Scientific classification
- Kingdom: Animalia
- Phylum: Chordata
- Class: Reptilia
- Order: Squamata
- Family: Lacertidae
- Genus: Philochortus
- Species: P. phillipsi
- Binomial name: Philochortus phillipsi (Boulenger, 1898)
- Synonyms: Latastia phillipsii Boulenger, 1898; Philochortus phillipsii — Boulenger, 1917; Philochortus phillipsi — Parker, 1942;

= Philochortus phillipsi =

- Genus: Philochortus
- Species: phillipsi
- Authority: (Boulenger, 1898)
- Conservation status: LC
- Synonyms: Latastia phillipsii , Boulenger, 1898, Philochortus phillipsii , — Boulenger, 1917, Philochortus phillipsi , — Parker, 1942

Species of lizard

Philochortus phillipsi, known commonly as Phillips' orangetail lizard or Phillips' shield-backed lizard, is a species of lizard in the family Lacertidae.
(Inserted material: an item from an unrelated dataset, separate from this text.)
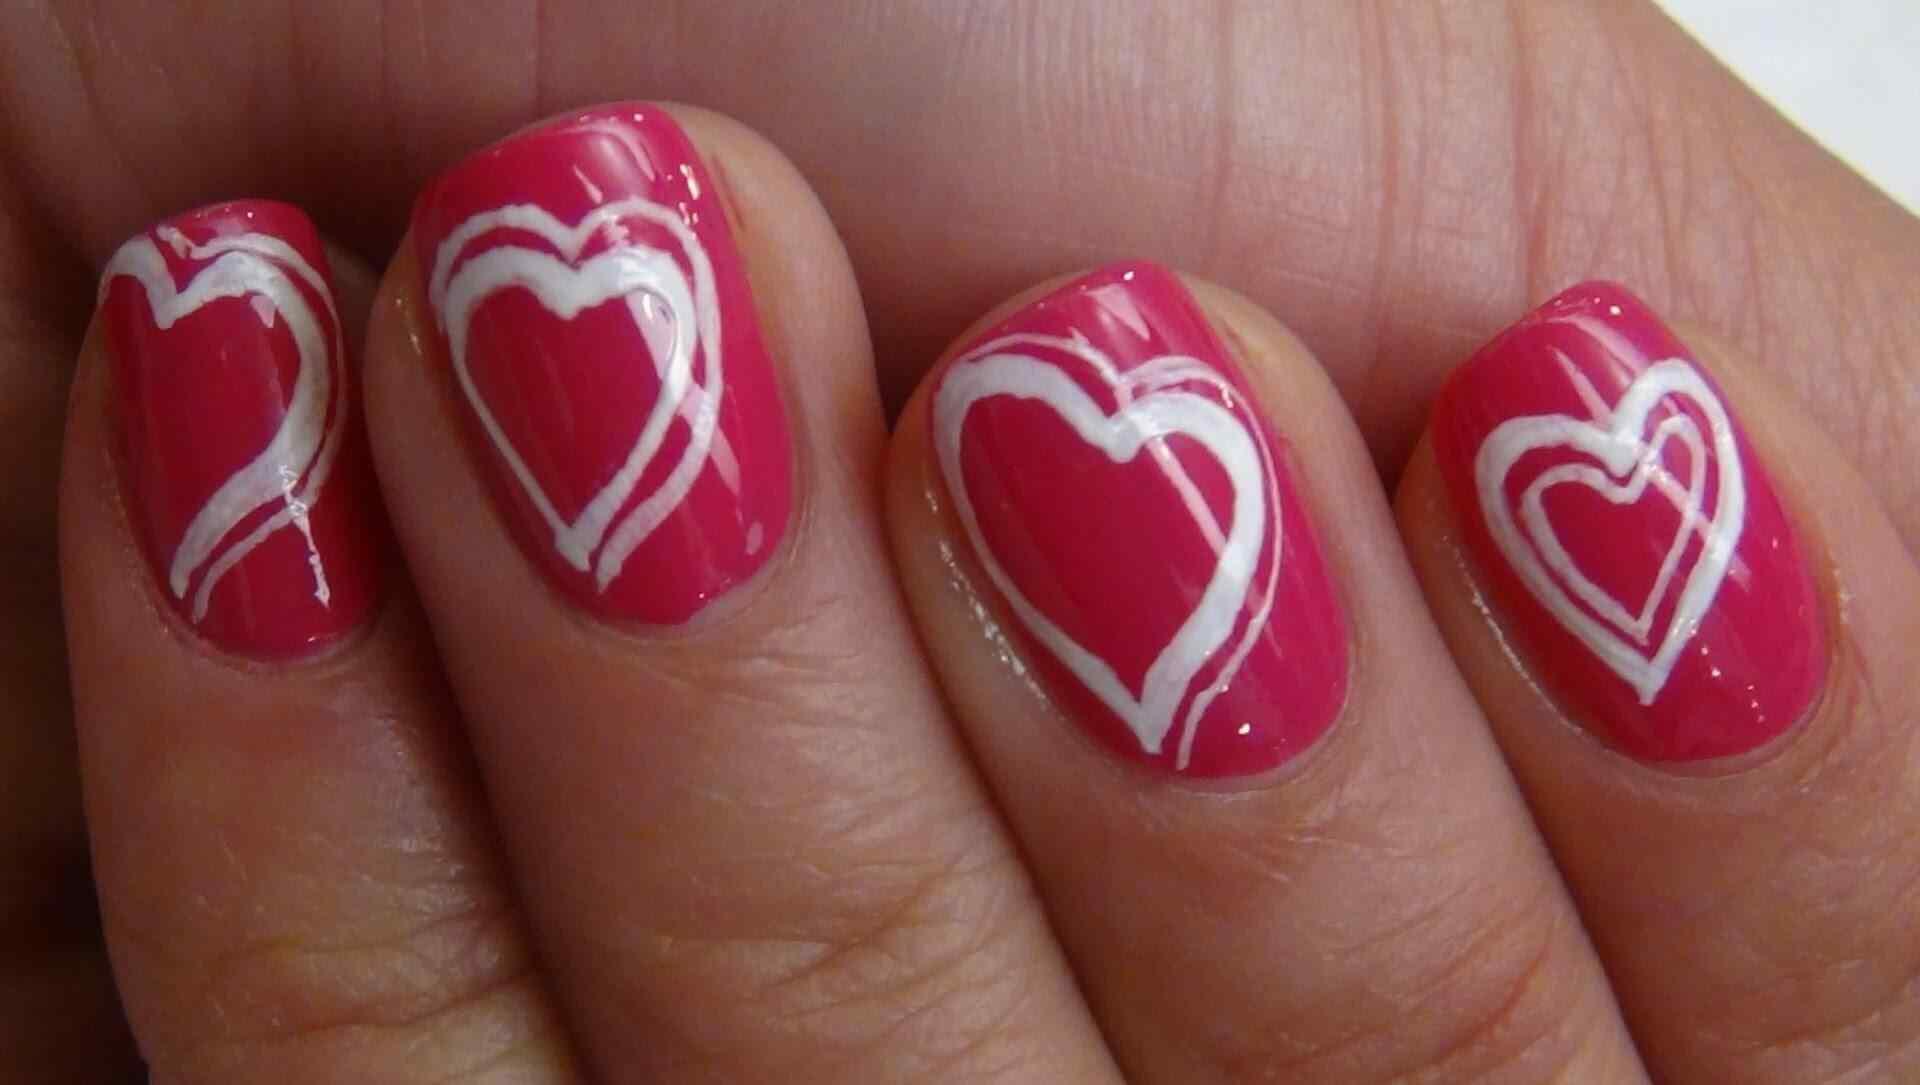 unas decoradas amor (2)

The species is endemic to the Horn of Africa.

==Etymology==
The specific name, phillipsi, is in honor of British naturalist Ethelbert Lort Phillips.

==Geographic range==
P. phillipsi is found in Ethiopia and Somalia.

==Description==
P. phillipsi is a small lizard with a very long tail. A male specimen with a total length of 156 mm has a snout-to-vent length (SVL) of 42 mm and a tail 114 mm long.

==Reproduction==
P. phillipsi is oviparous.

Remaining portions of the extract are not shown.